-- Opening Marker --

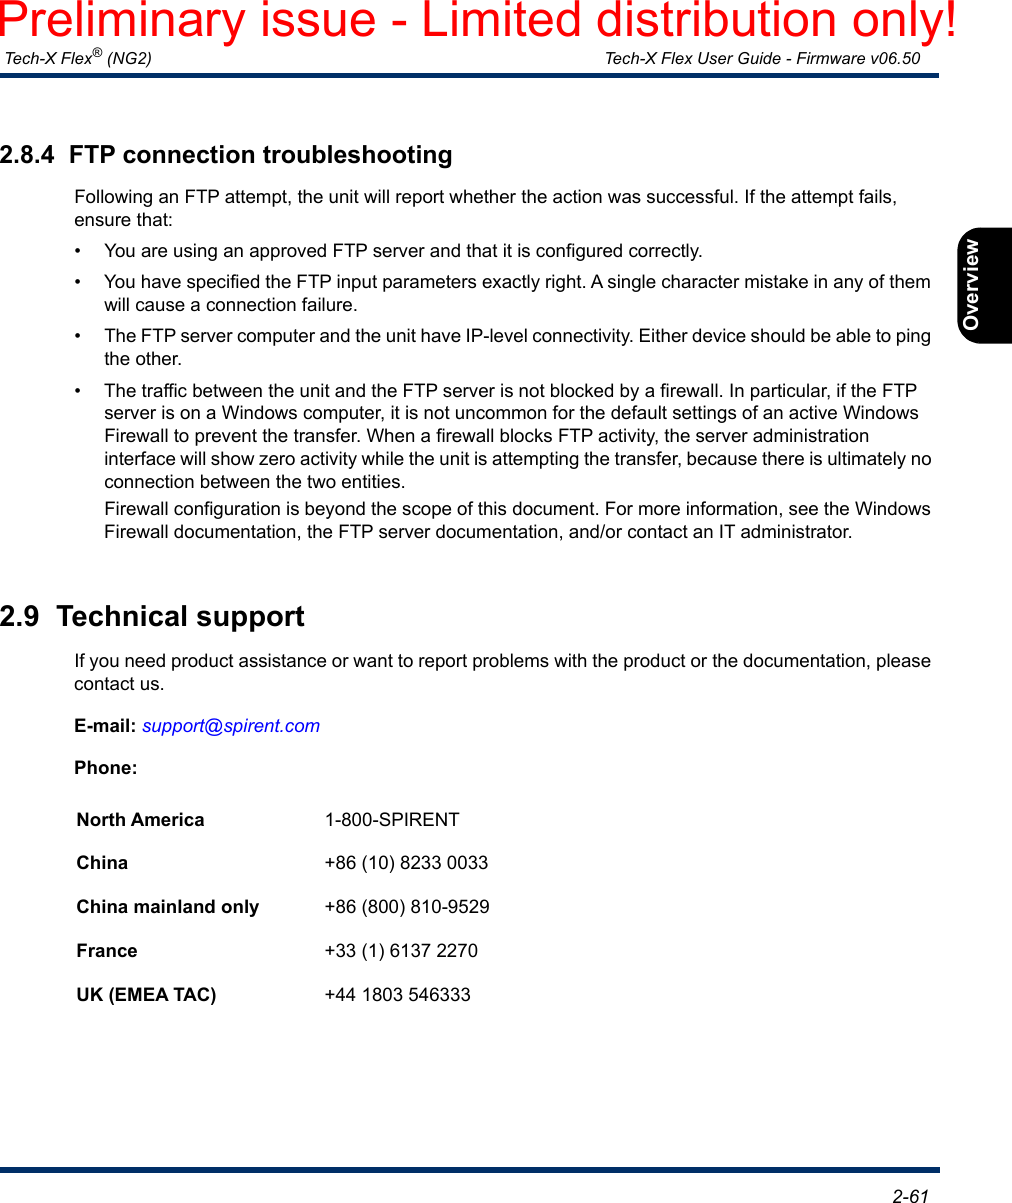  Tech-X Flex® (NG2) Tech-X Flex User Guide - Firmware v06.50   2-61IntroOverviewWi-FiEthernetSystemIP/VideoMoCARFSpecs2.8.4  FTP connection troubleshootingFollowing an FTP attempt, the unit will report whether the action was successful. If the attempt fails, ensure that:• You are using an approved FTP server and that it is configured correctly.• You have specified the FTP input parameters exactly right. A single character mistake in any of them will cause a connection failure.• The FTP server computer and the unit have IP-level connectivity. Either device should be able to ping the other.• The traffic between the unit and the FTP server is not blocked by a firewall. In particular, if the FTP server is on a Windows computer, it is not uncommon for the default settings of an active Windows Firewall to prevent the transfer. When a firewall blocks FTP activity, the server administration interface will show zero activity while the unit is attempting the transfer, because there is ultimately no connection between the two entities.Firewall configuration is beyond the scope of this document. For more information, see the Windows Firewall documentation, the FTP server documentation, and/or contact an IT administrator.2.9  Technical supportIf you need product assistance or want to report problems with the product or the documentation, please contact us.E-mail: support@spirent.comPhone:North America 1-800-SPIRENTChina +86 (10) 8233 0033China mainland only +86 (800) 810-9529France +33 (1) 6137 2270UK (EMEA TAC) +44 1803 546333Preliminary issue - Limited distribution only!
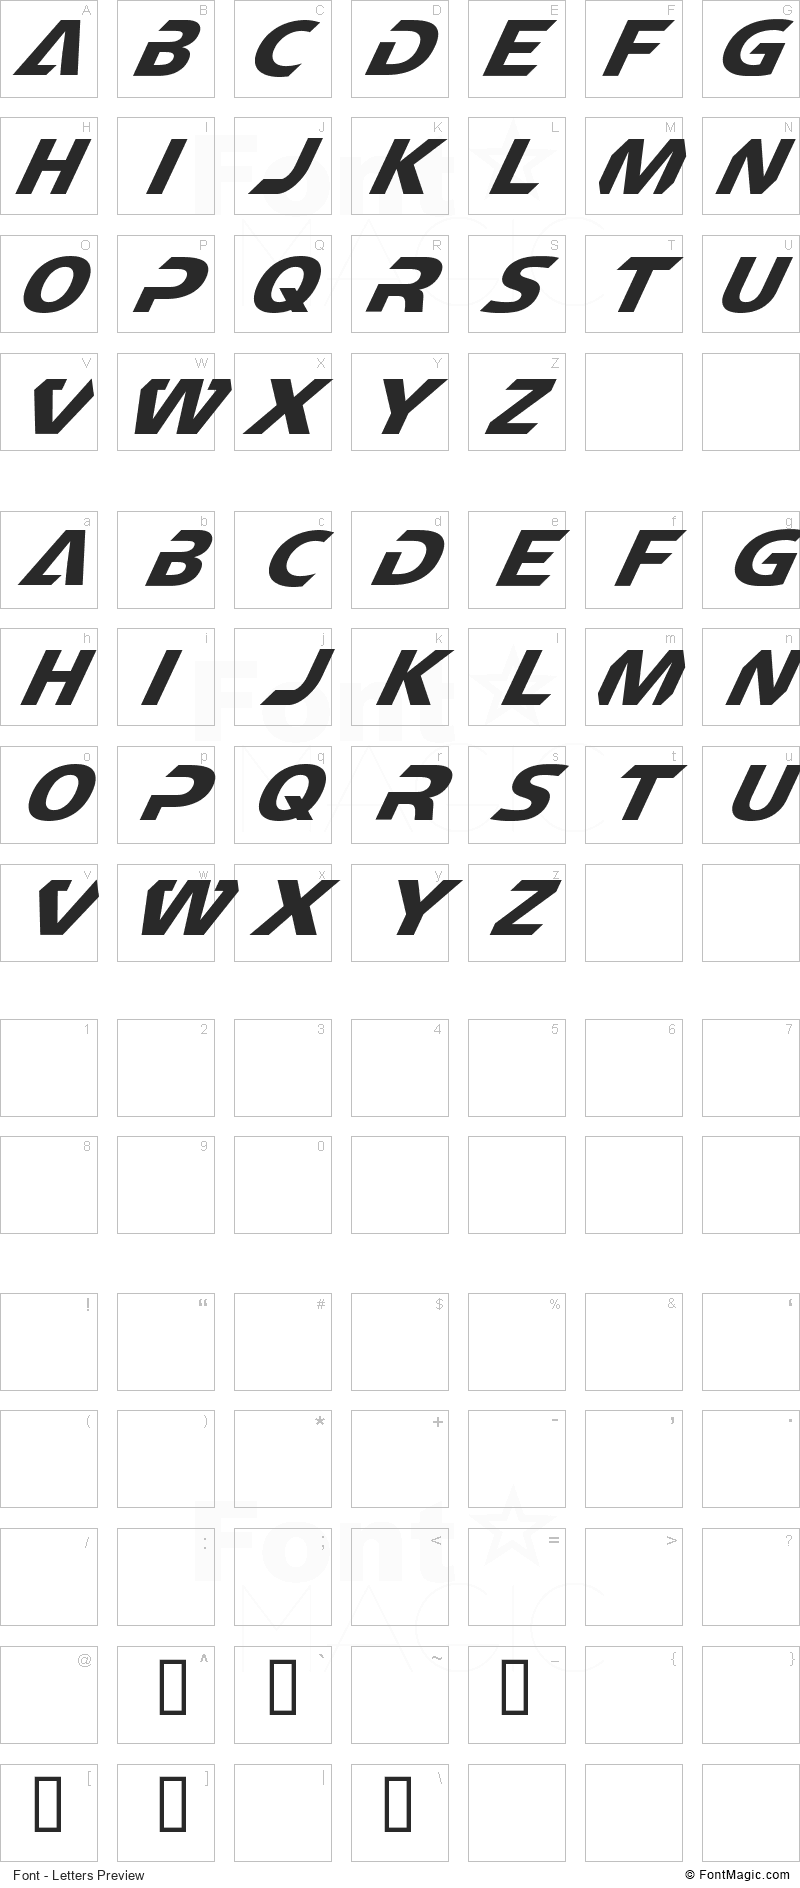 CF TechnoMania Font - All Latters Preview Chart
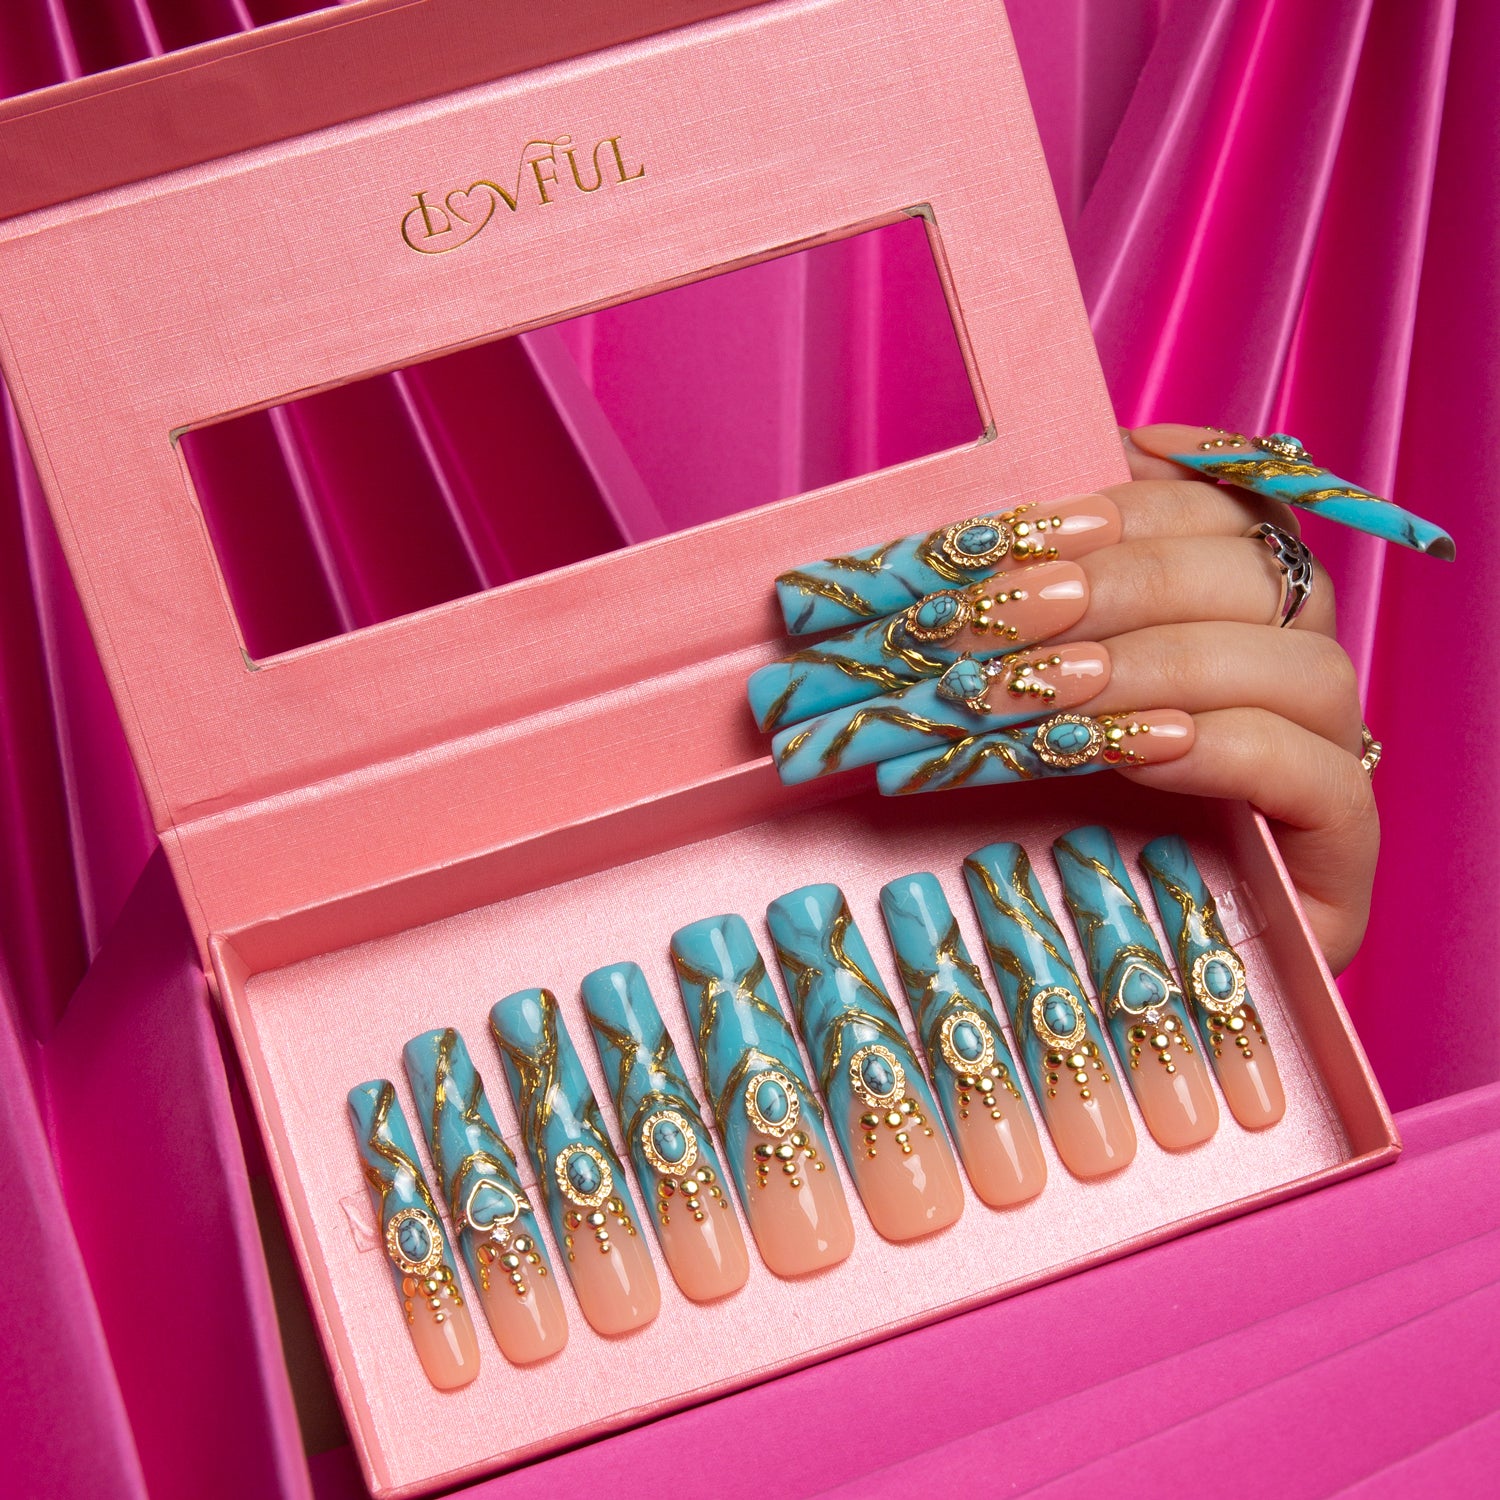 Hand wearing turquoise and gold press-on acrylic nails, displayed above matching nail set in pink Lovful branded box. Nails feature intricate golden decor and sparkling gems, set against a pink fabric backdrop.
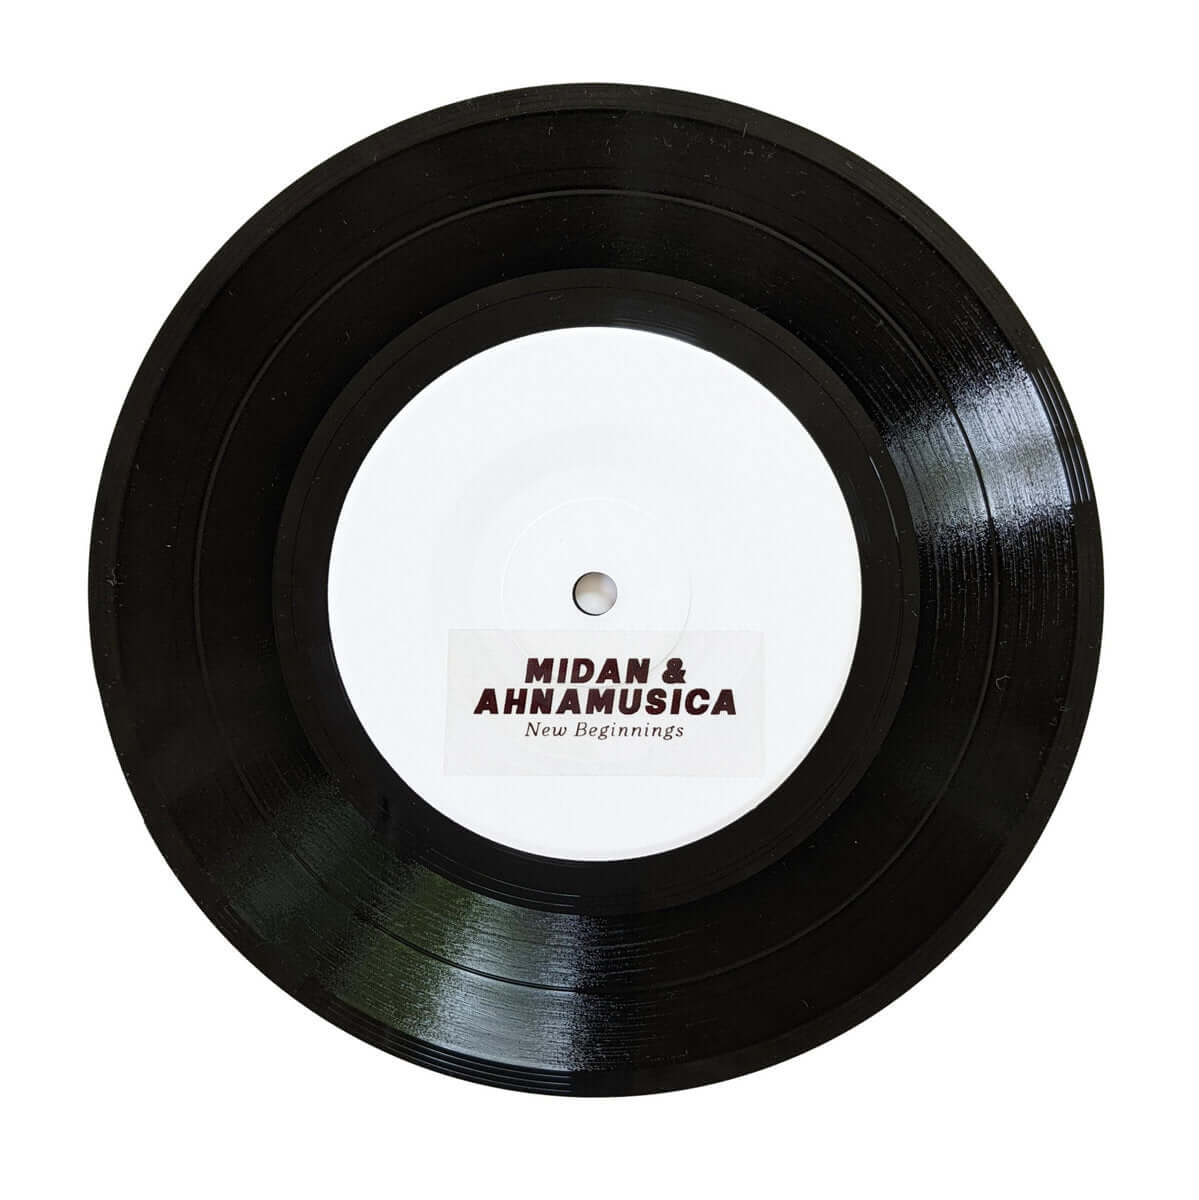 Midan & AHNAMUSICA - New Beginnings - Limited Edition 7 Inch Vinyl Test Pressing - Cold Busted
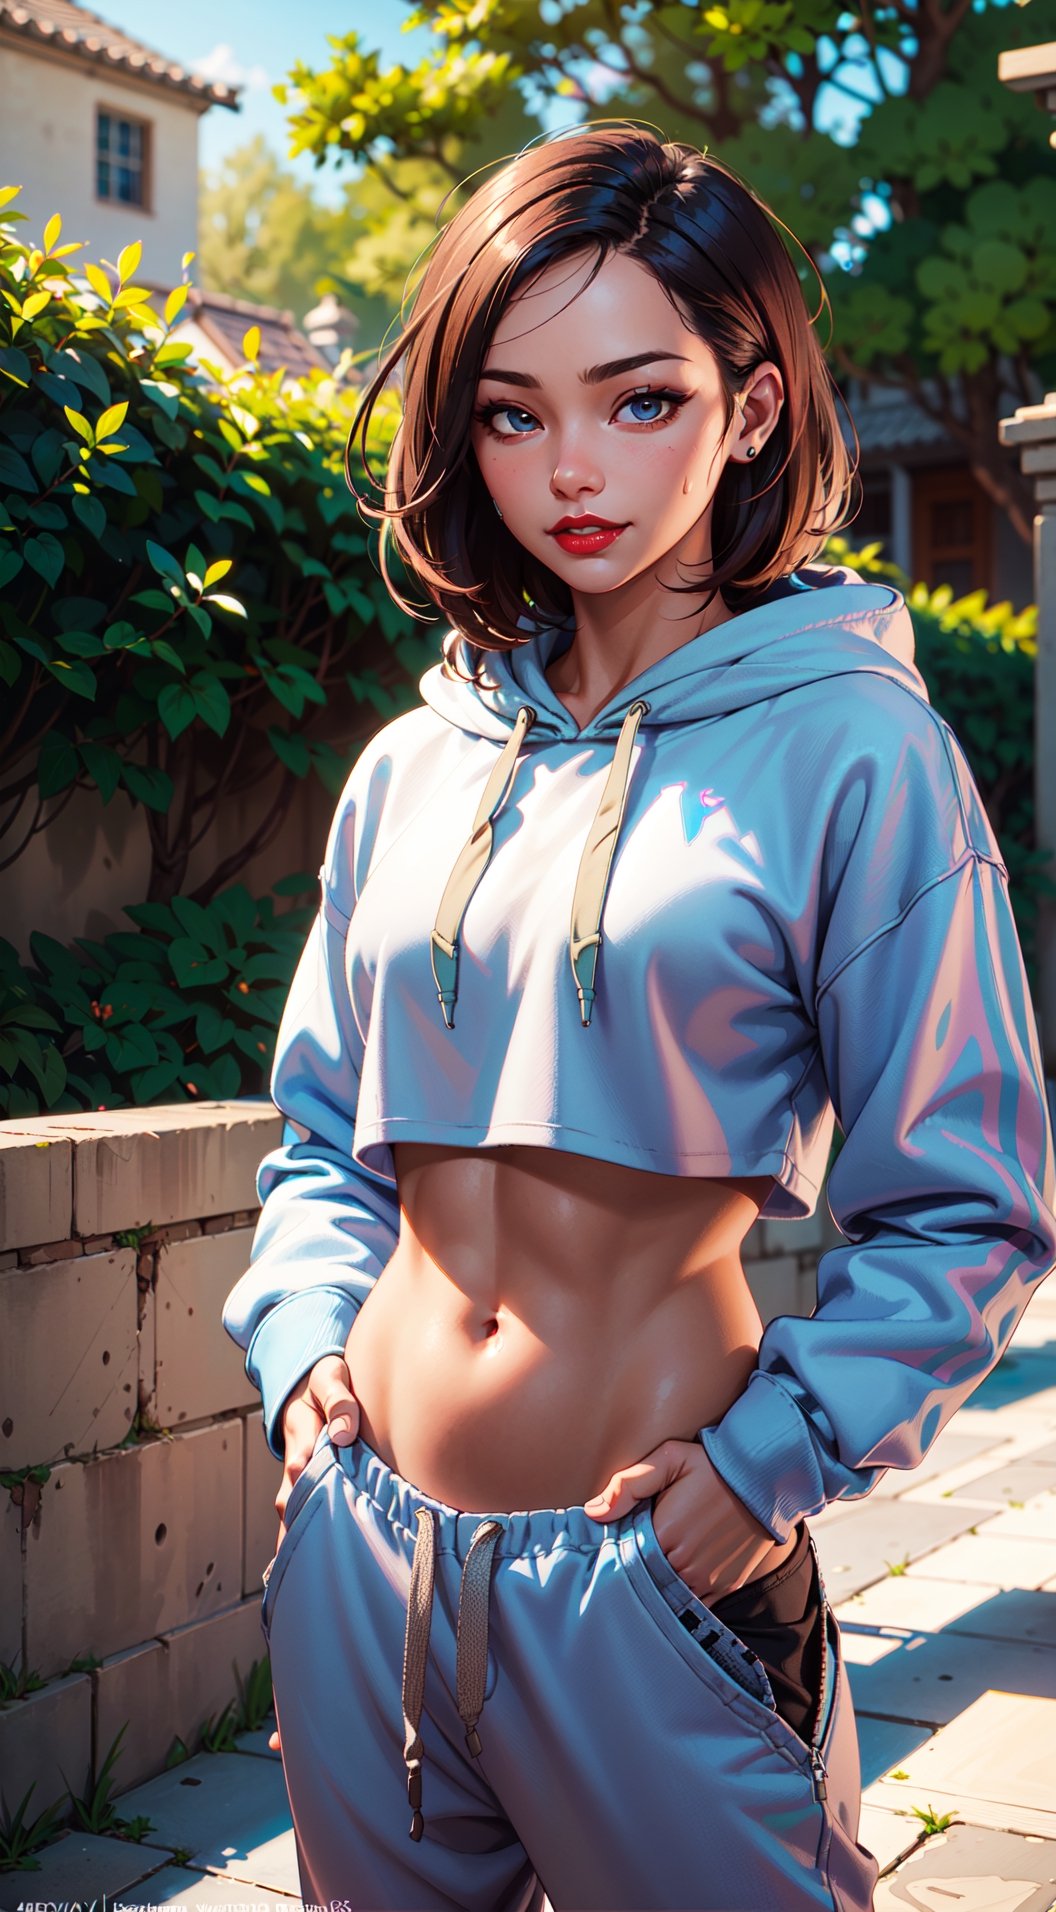 1 girl, beautiful Korean girl, (Cute Loose Bob hair), (wearing a cropped hoodie, capri sweatpants:1.5), (hands in pockets:1.5), (red lips:1.3), (small breasts:1.3), (toned stomach:1.3), (eyelashes:1.2), (aegyo sal:1.2), beautiful detailed eyes, symmetrical eyes, (detailed face), immersive background, volumetric haze, global illumination, soft lighting, (flowing hair), (bright smile), natural lighting, (realistic:1.5), (lifelike:1.4), (4k, digital art, masterpiece), High detail digital painting, realistic, (top quality), (soft shadows), (best character art), ultra high resolution, highly detailed digital artwork, physically-based rendering, realism with an artistic touch, vibrant colors, f2.2 lens, soft palette, natural beauty

-- Closing Marker --

**EXERCISE BRIEF**: All that is needed is the exact run of lines from the start of the material above through the one containing "CF TechnoMania Font", pictures left out.

**RESULT**:
  Tech-X Flex® (NG2) Tech-X Flex User Guide - Firmware v06.50   2-61IntroOverviewWi-FiEthernetSystemIP/VideoMoCARFSpecs2.8.4  FTP connection troubleshootingFollowing an FTP attempt, the unit will report whether the action was successful. If the attempt fails, ensure that:• You are using an approved FTP server and that it is configured correctly.• You have specified the FTP input parameters exactly right. A single character mistake in any of them will cause a connection failure.• The FTP server computer and the unit have IP-level connectivity. Either device should be able to ping the other.• The traffic between the unit and the FTP server is not blocked by a firewall. In particular, if the FTP server is on a Windows computer, it is not uncommon for the default settings of an active Windows Firewall to prevent the transfer. When a firewall blocks FTP activity, the server administration interface will show zero activity while the unit is attempting the transfer, because there is ultimately no connection between the two entities.Firewall configuration is beyond the scope of this document. For more information, see the Windows Firewall documentation, the FTP server documentation, and/or contact an IT administrator.2.9  Technical supportIf you need product assistance or want to report problems with the product or the documentation, please contact us.E-mail: support@spirent.comPhone:North America 1-800-SPIRENTChina +86 (10) 8233 0033China mainland only +86 (800) 810-9529France +33 (1) 6137 2270UK (EMEA TAC) +44 1803 546333Preliminary issue - Limited distribution only!
 CF TechnoMania Font - All Latters Preview Chart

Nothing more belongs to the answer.